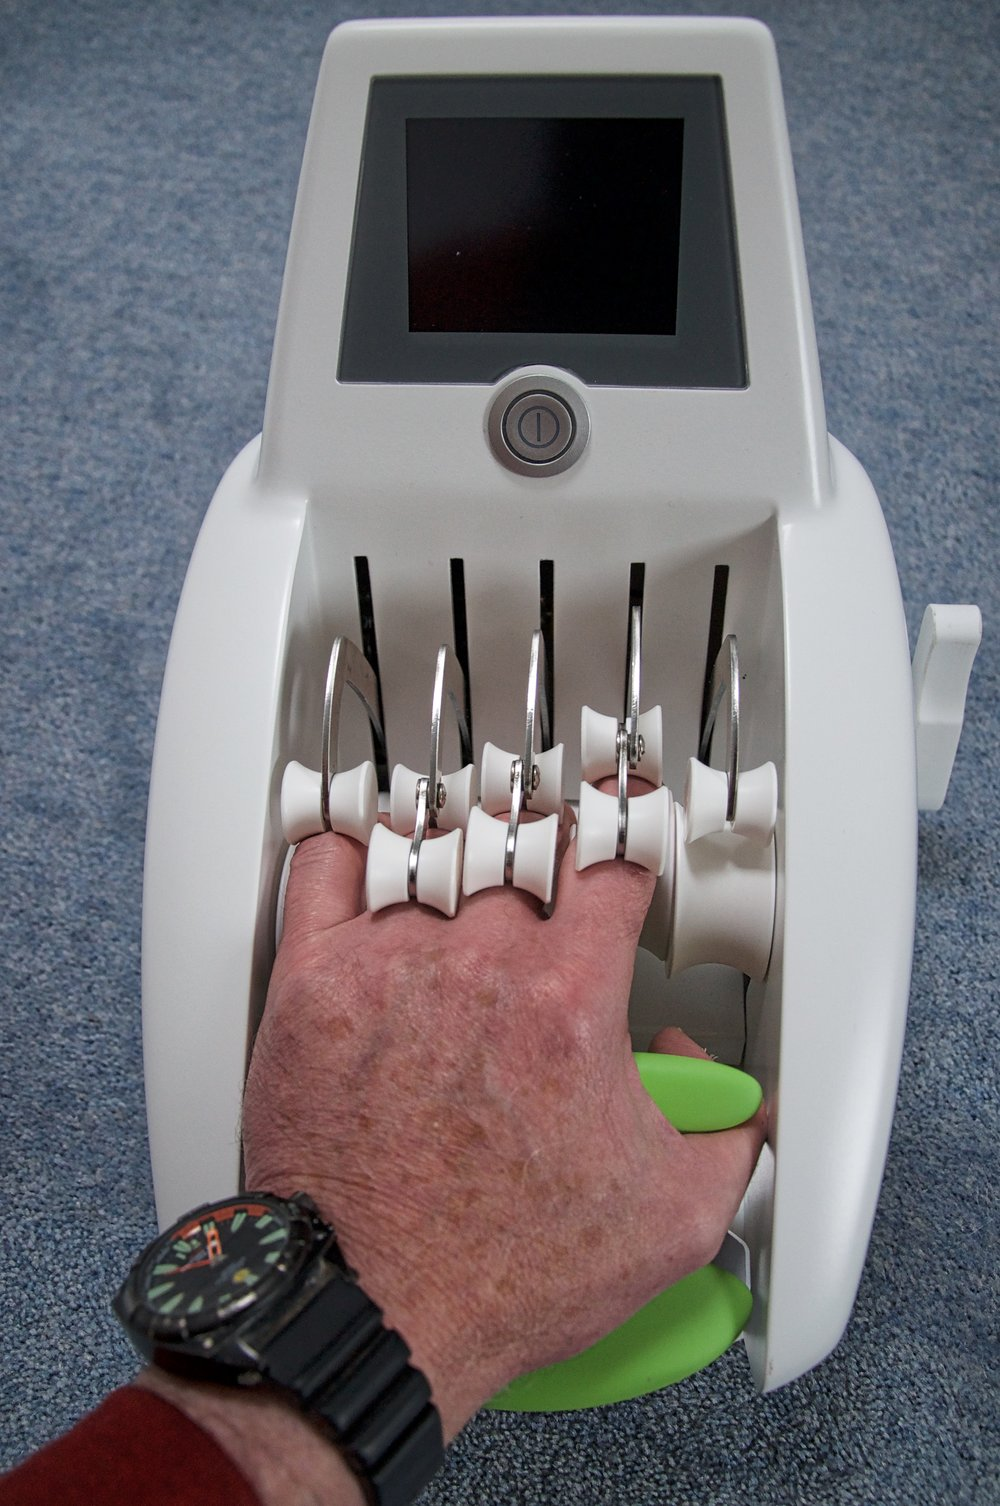 RehaDigit is an effective hand rehab device
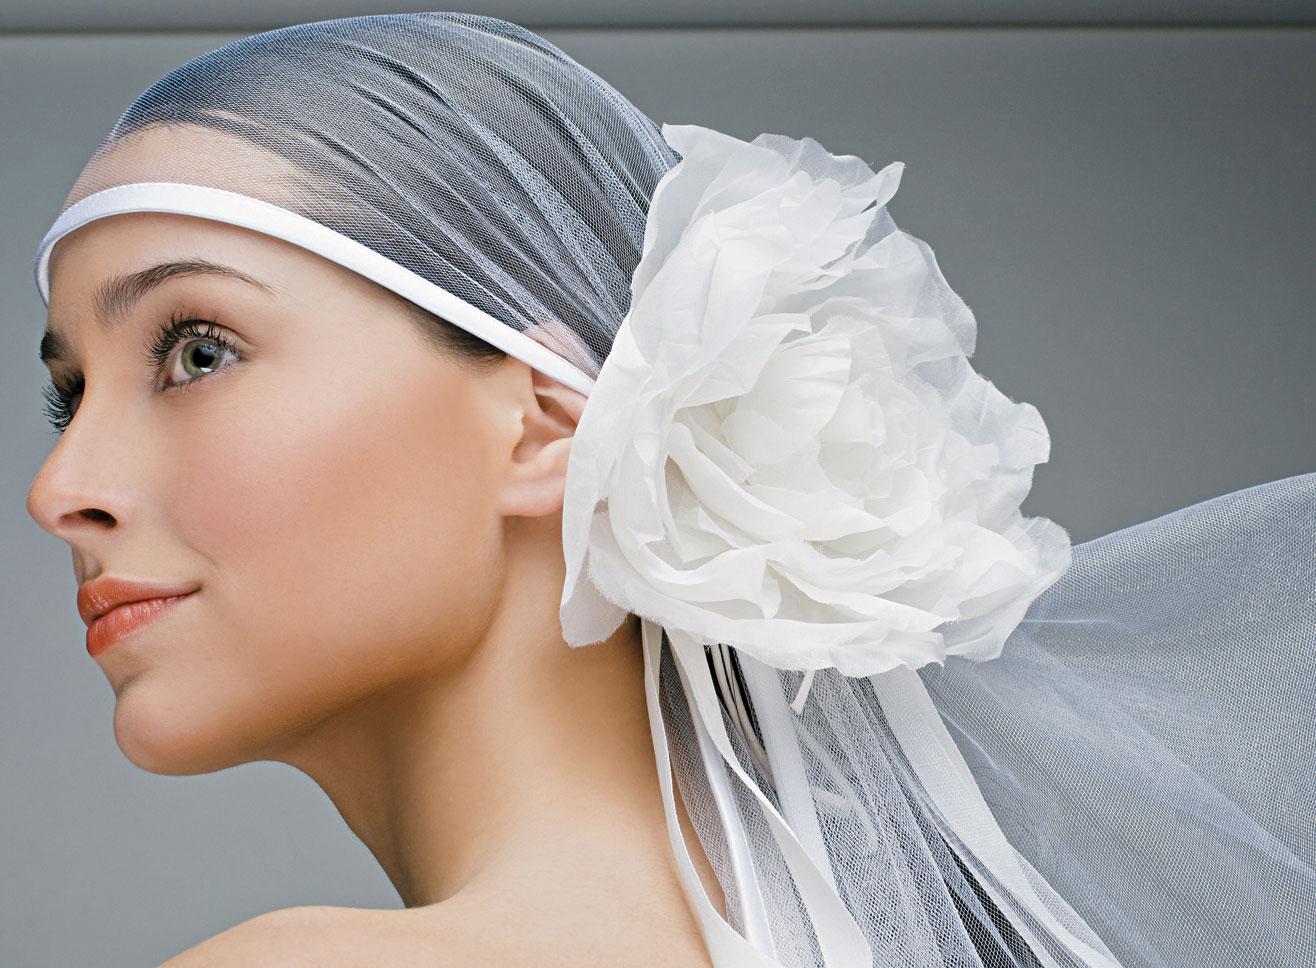 O Véu Perfeito Vai Deixá-la Linda no Casamento
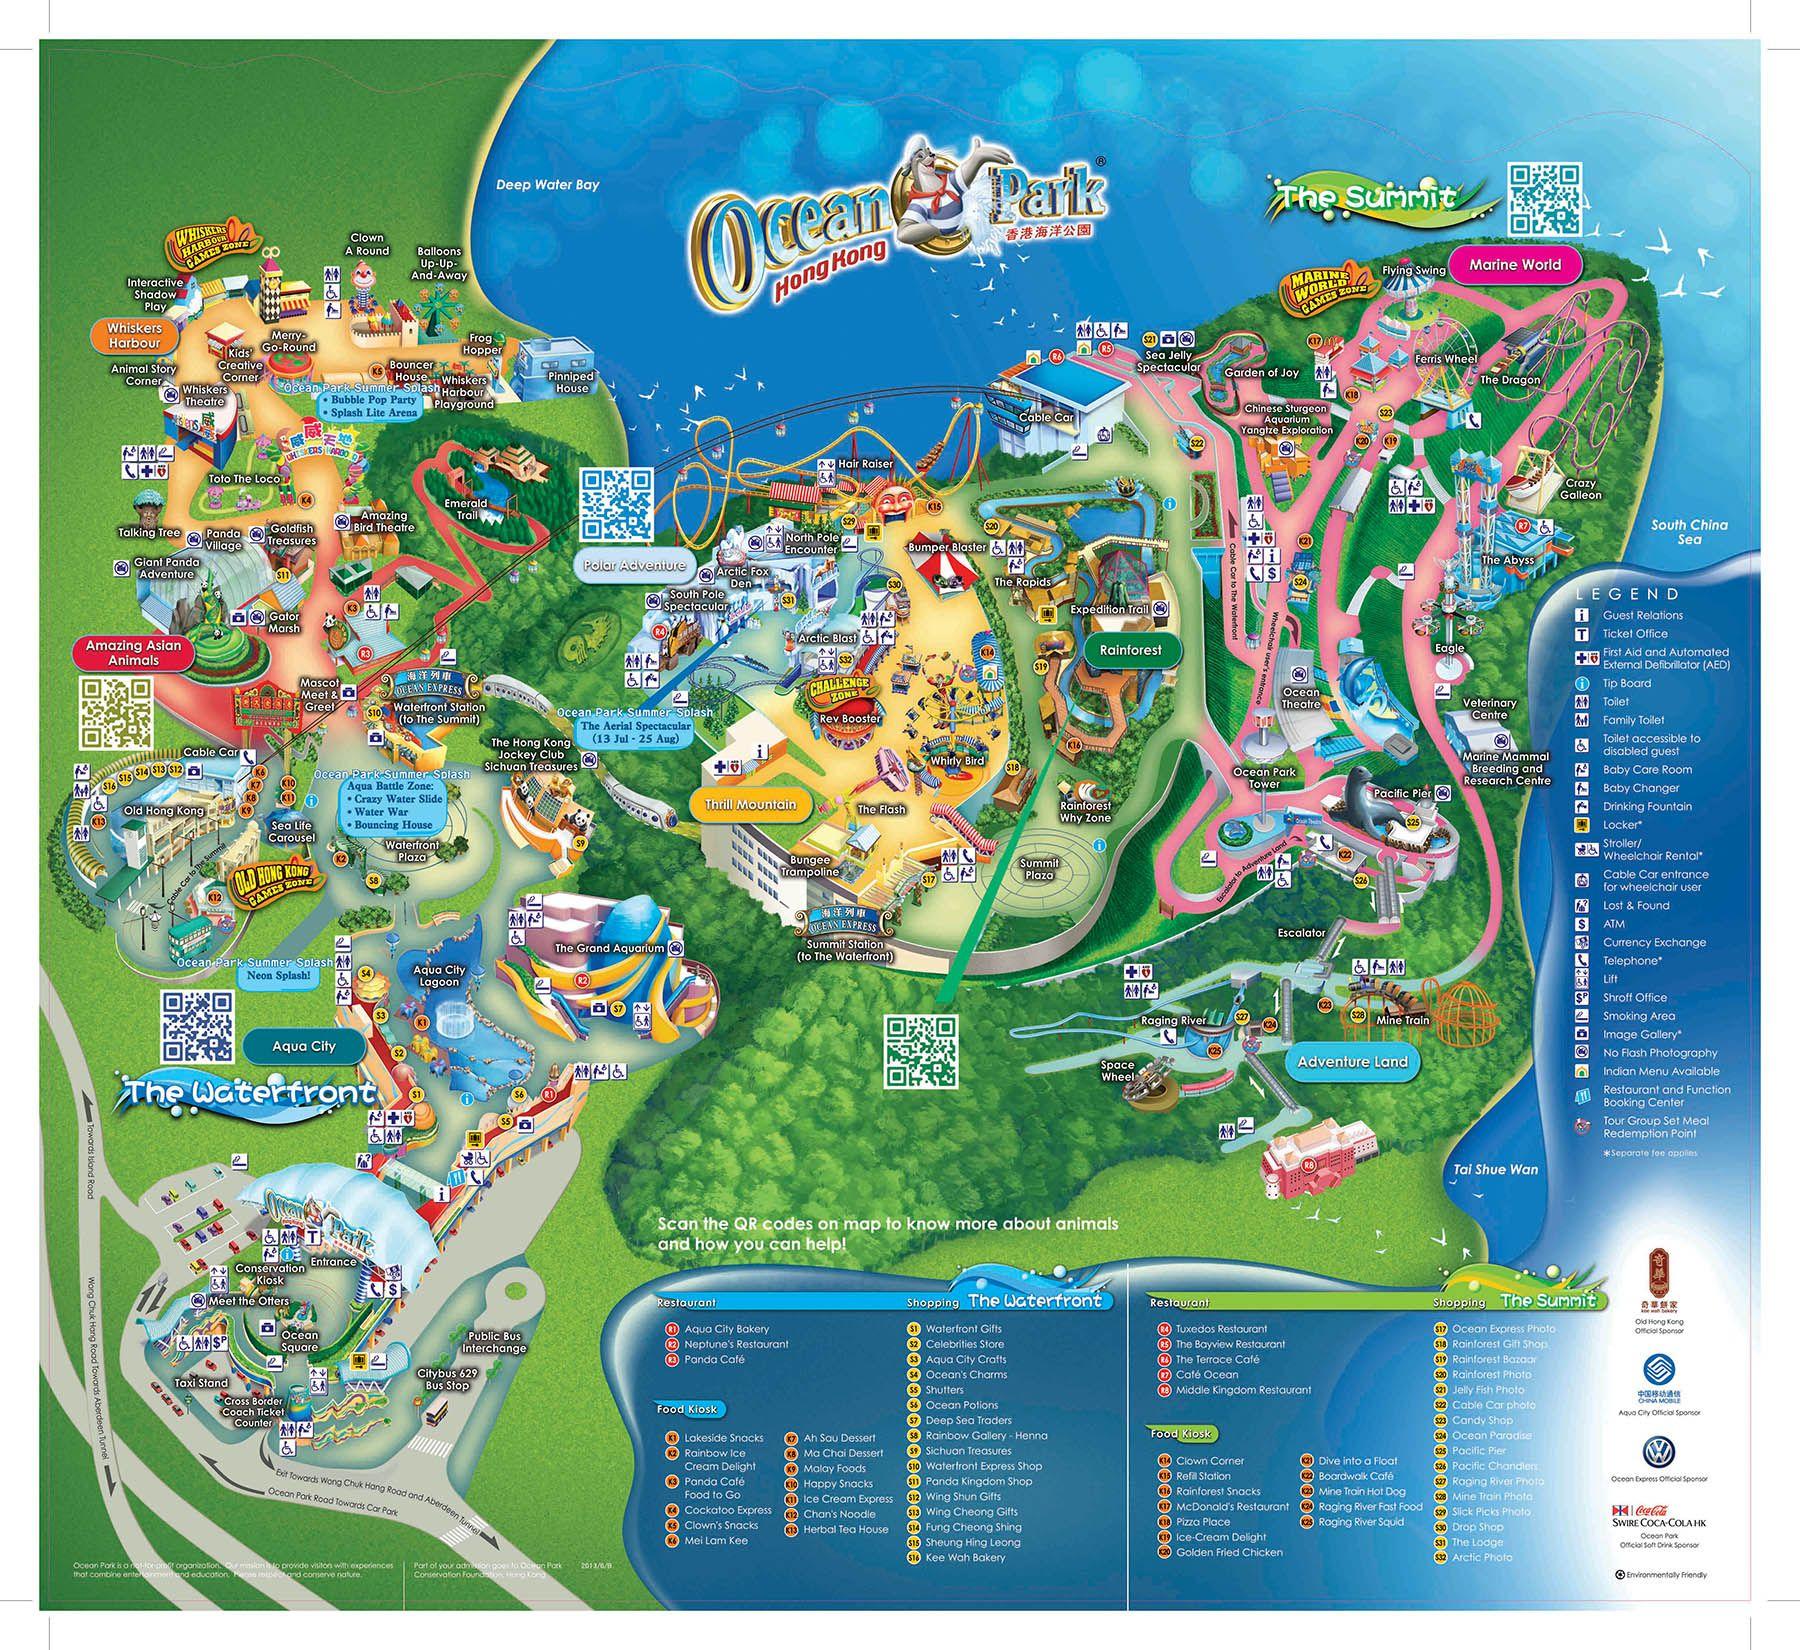 Ocean park mapg 18001650 hk voyages pinterest ocean park mapg 18001650 gumiabroncs Image collections
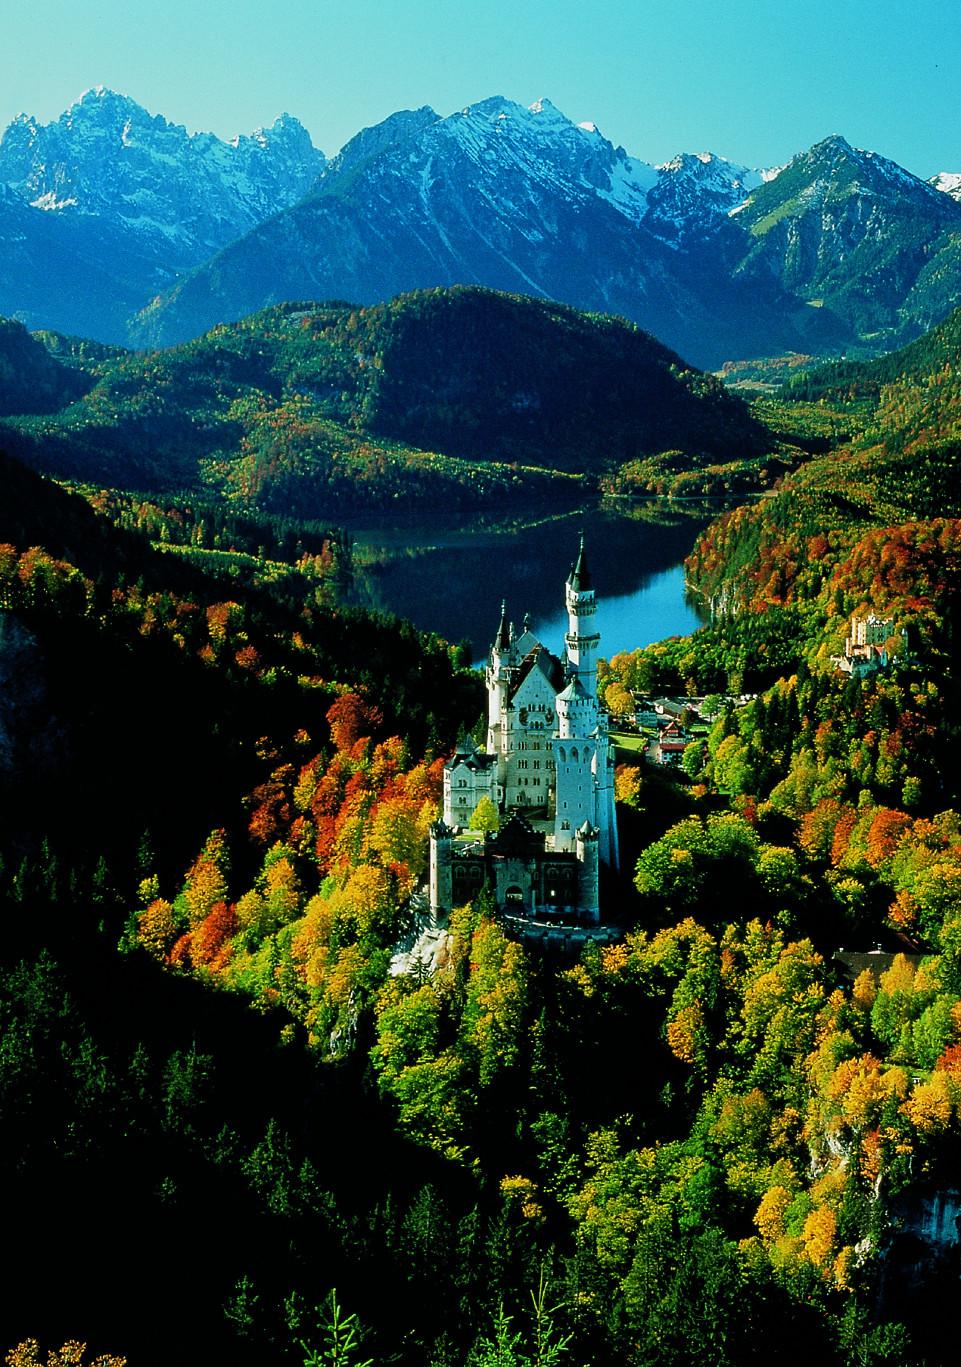 Upper Bavaria A Charming Region In The German Alps

--------------------

Leave out the pictures and repeat the remaining data exactly.

**Solution to the exercise**
 RehaDigit is an effective hand rehab device
 O Véu Perfeito Vai Deixá-la Linda no Casamento
 Ocean park mapg 18001650 hk voyages pinterest ocean park mapg 18001650 gumiabroncs Image collections
 Upper Bavaria A Charming Region In The German Alps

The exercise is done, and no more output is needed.